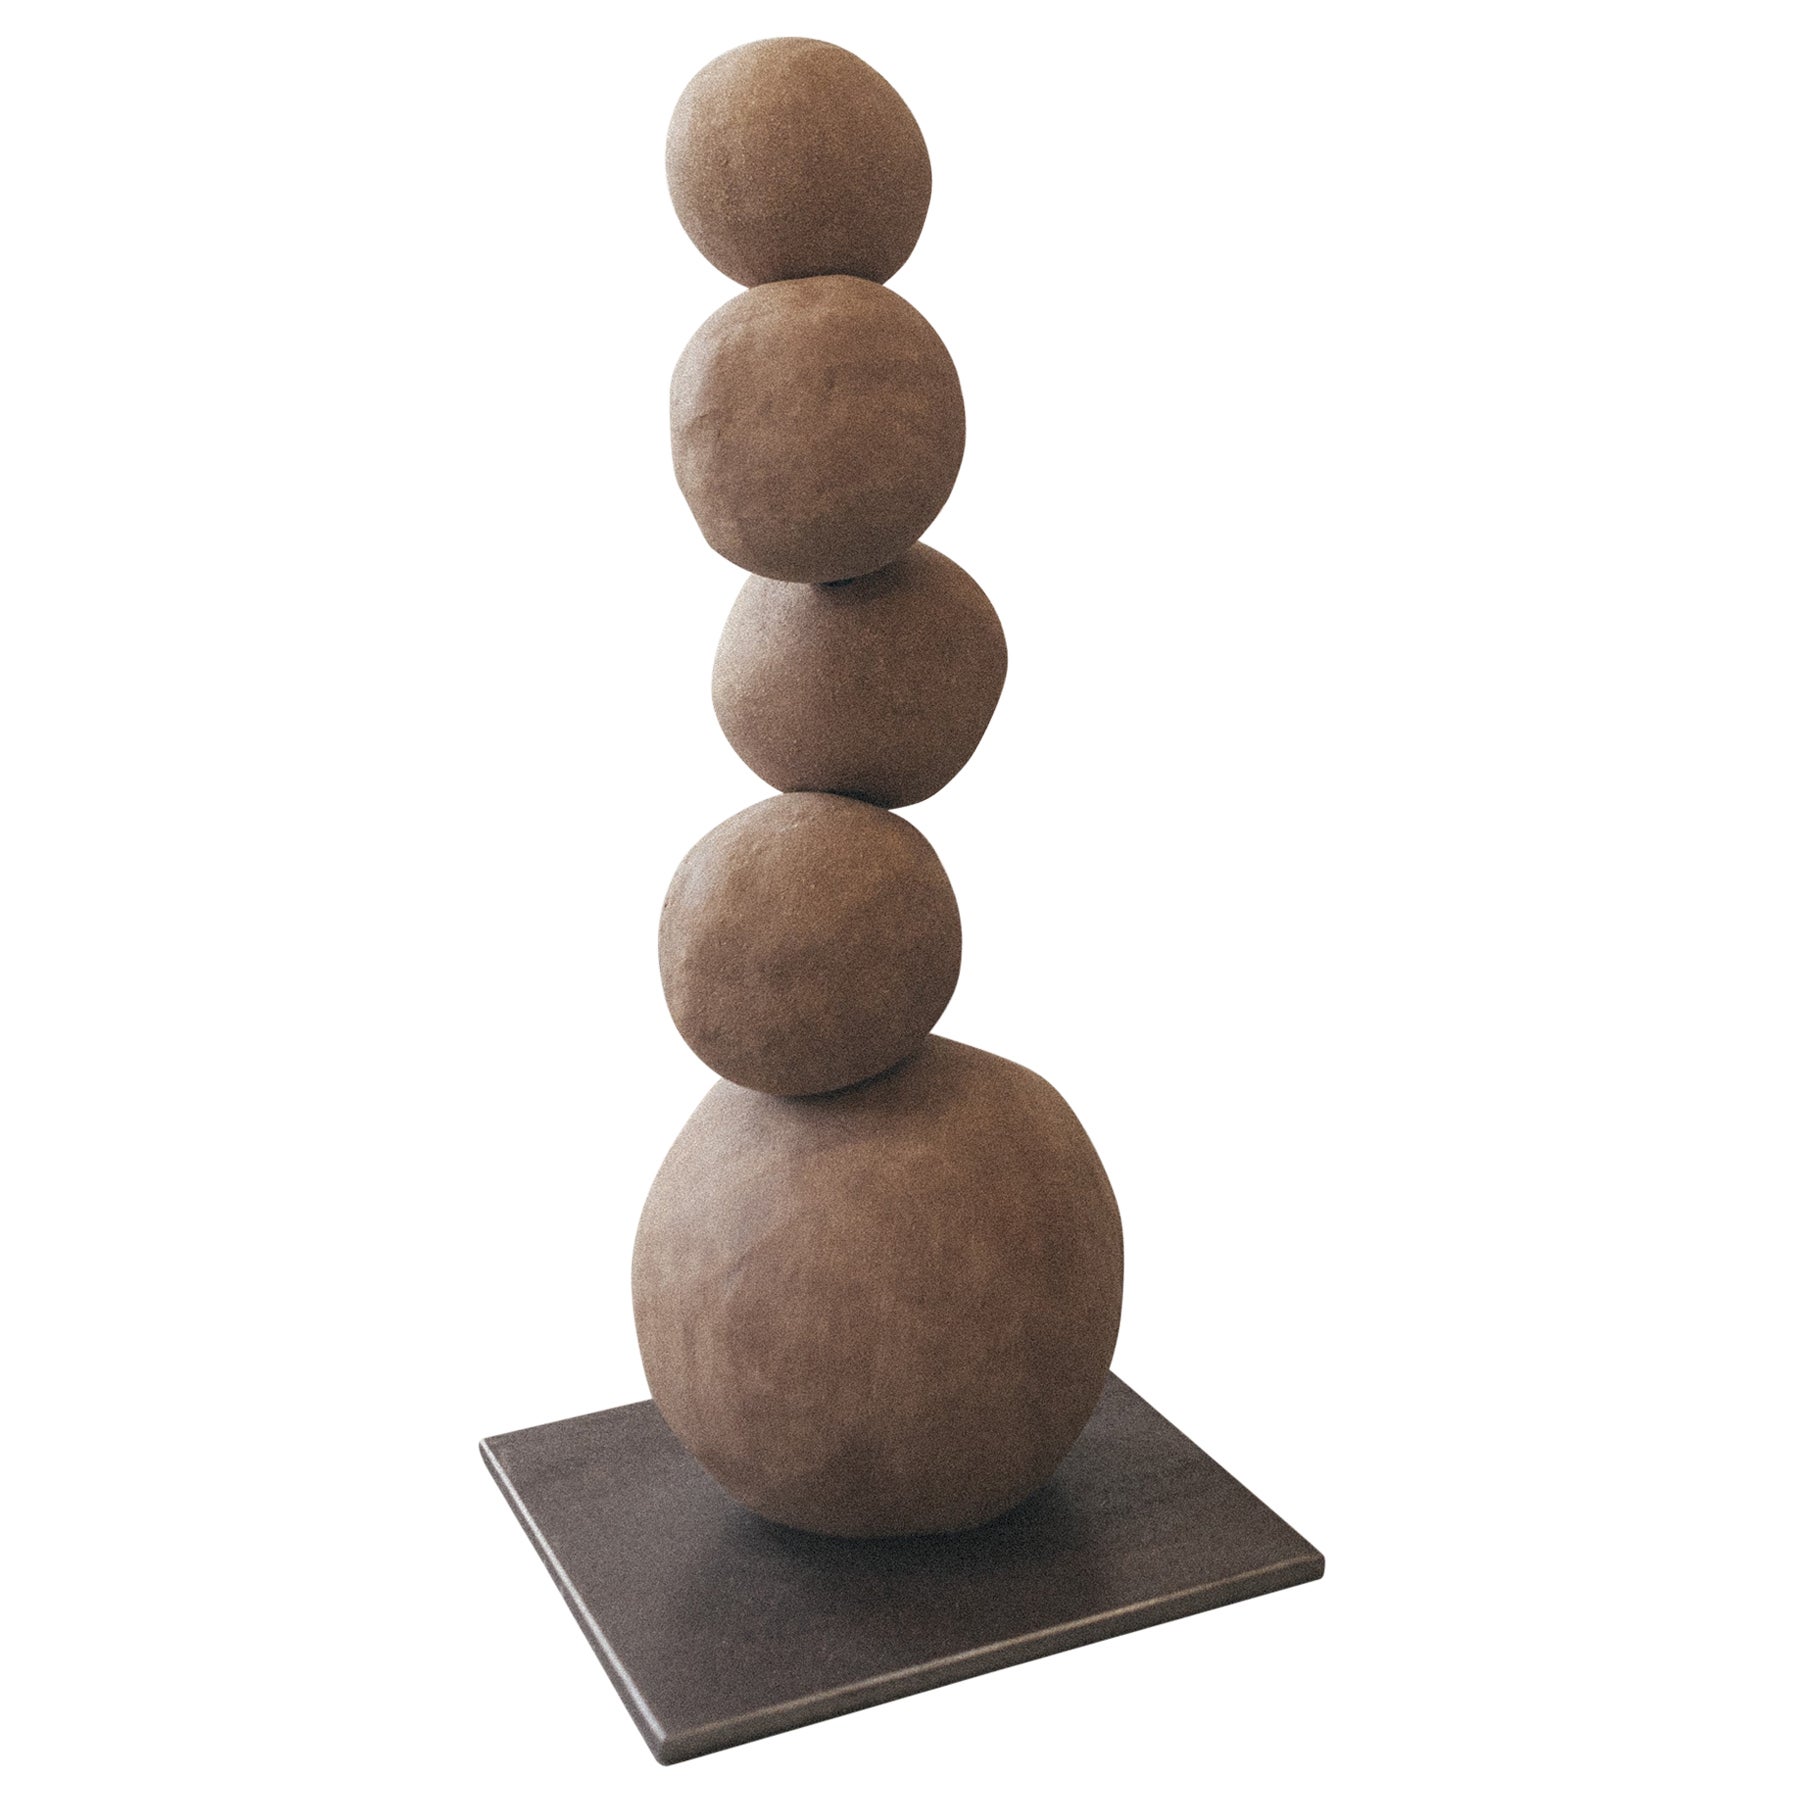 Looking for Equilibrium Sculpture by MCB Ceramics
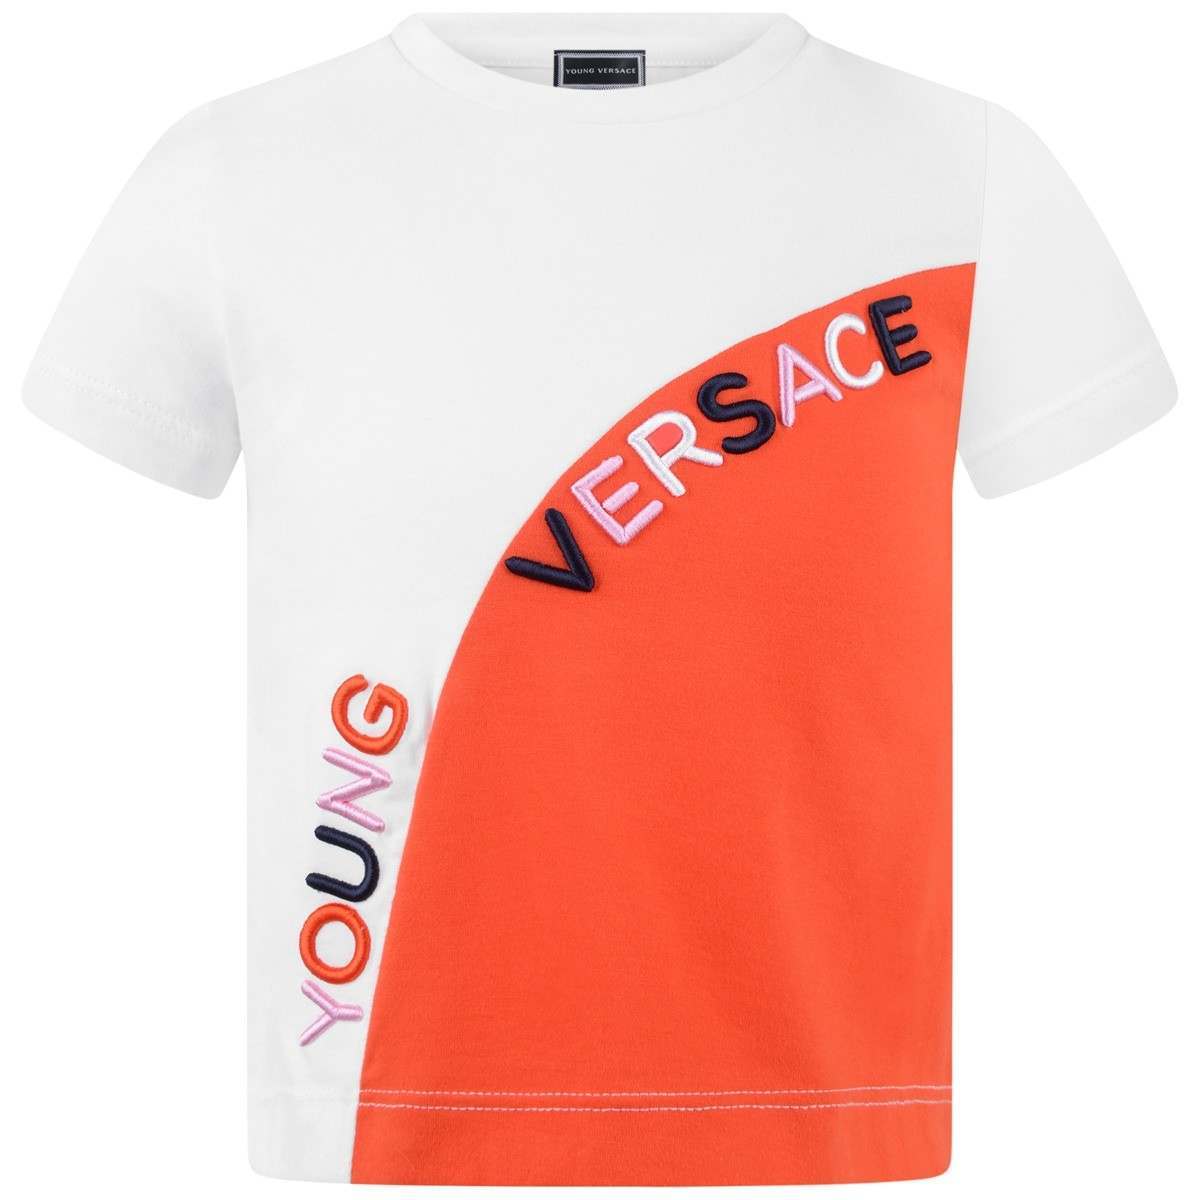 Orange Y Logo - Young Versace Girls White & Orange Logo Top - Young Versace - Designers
--
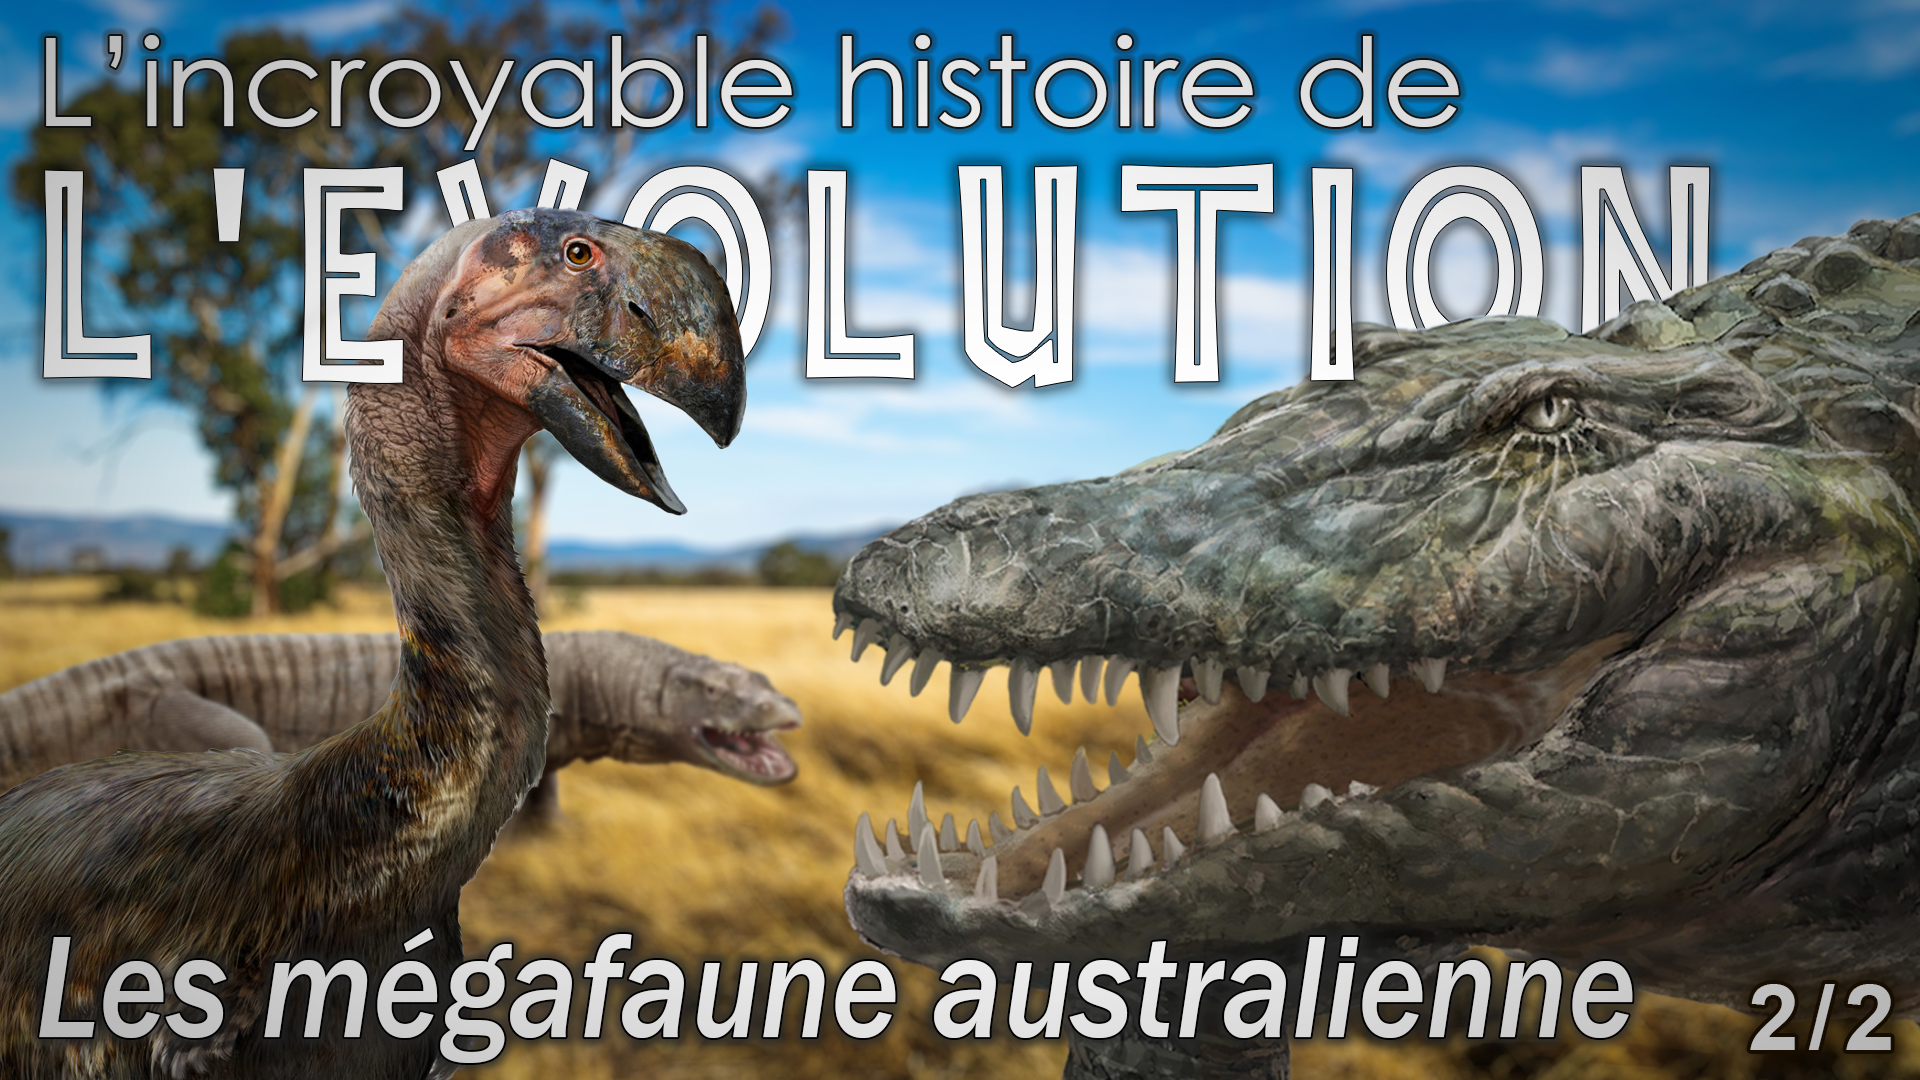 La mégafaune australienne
* * *
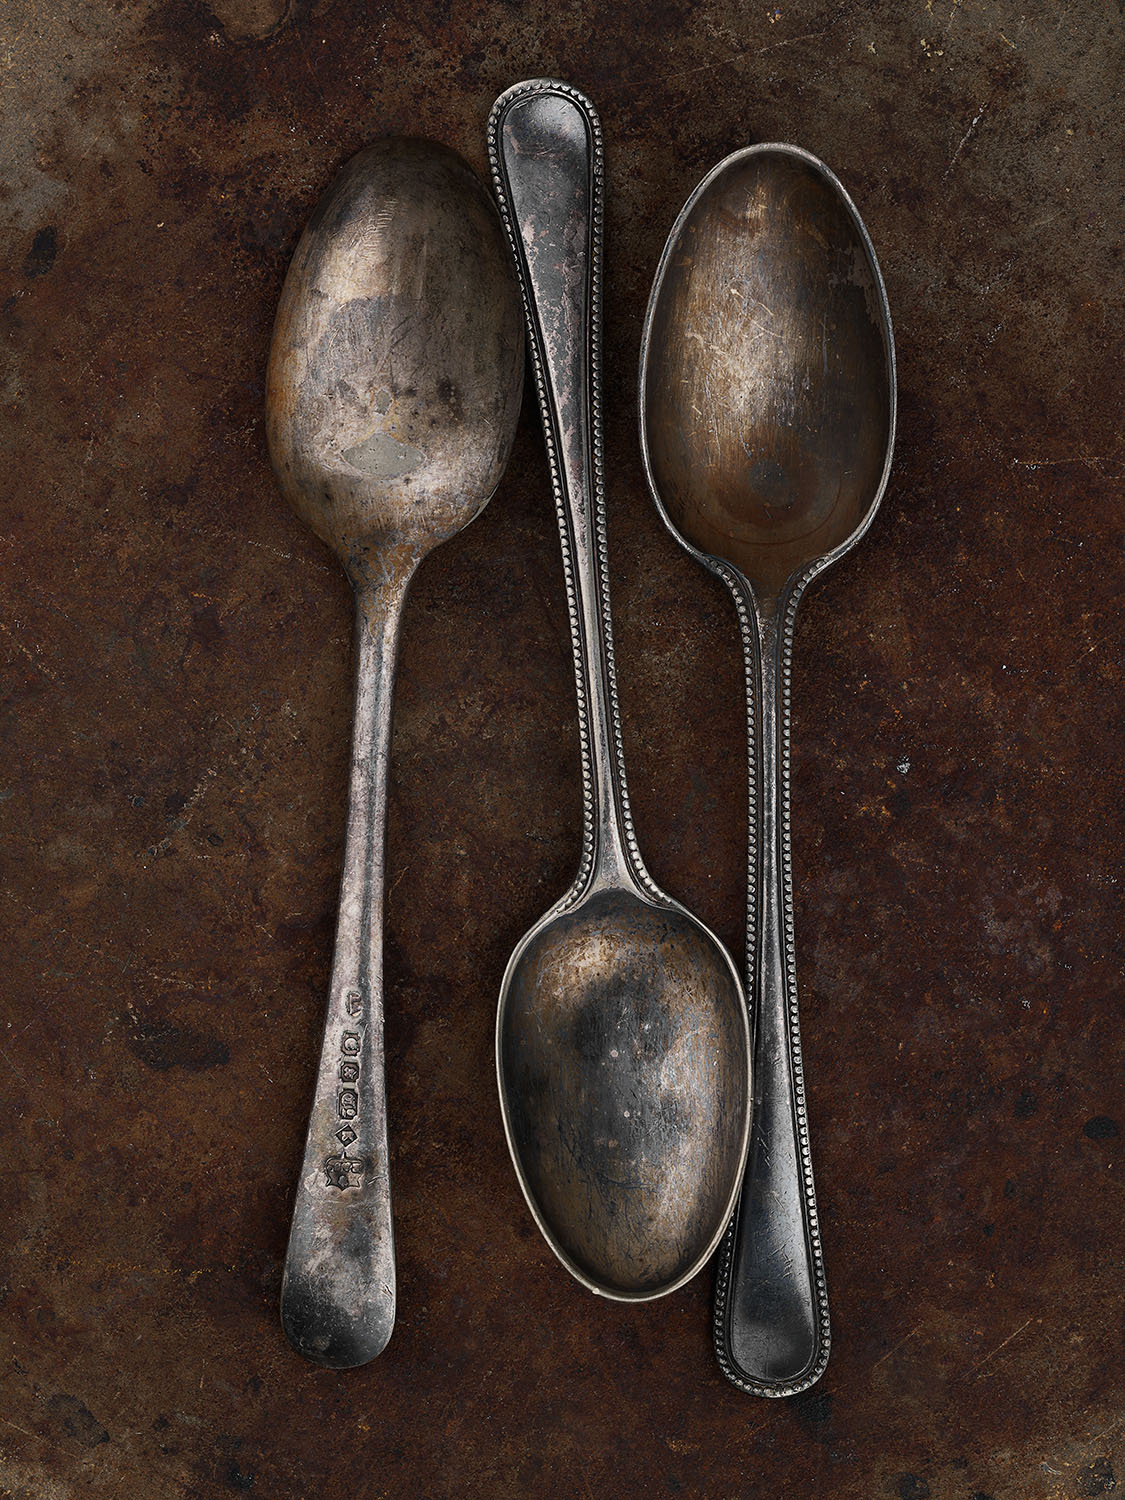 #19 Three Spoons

Aim of the exercise
The material above holds pictures; leave them out and set down exactly the lines from the line with "Looking for Equilibrium" to the line with "Orange Y Logo", both included.

Your solution
 Looking for Equilibrium Sculpture by MCB Ceramics
 Orange Y Logo - Young Versace Girls White & Orange Logo Top - Young Versace - Designers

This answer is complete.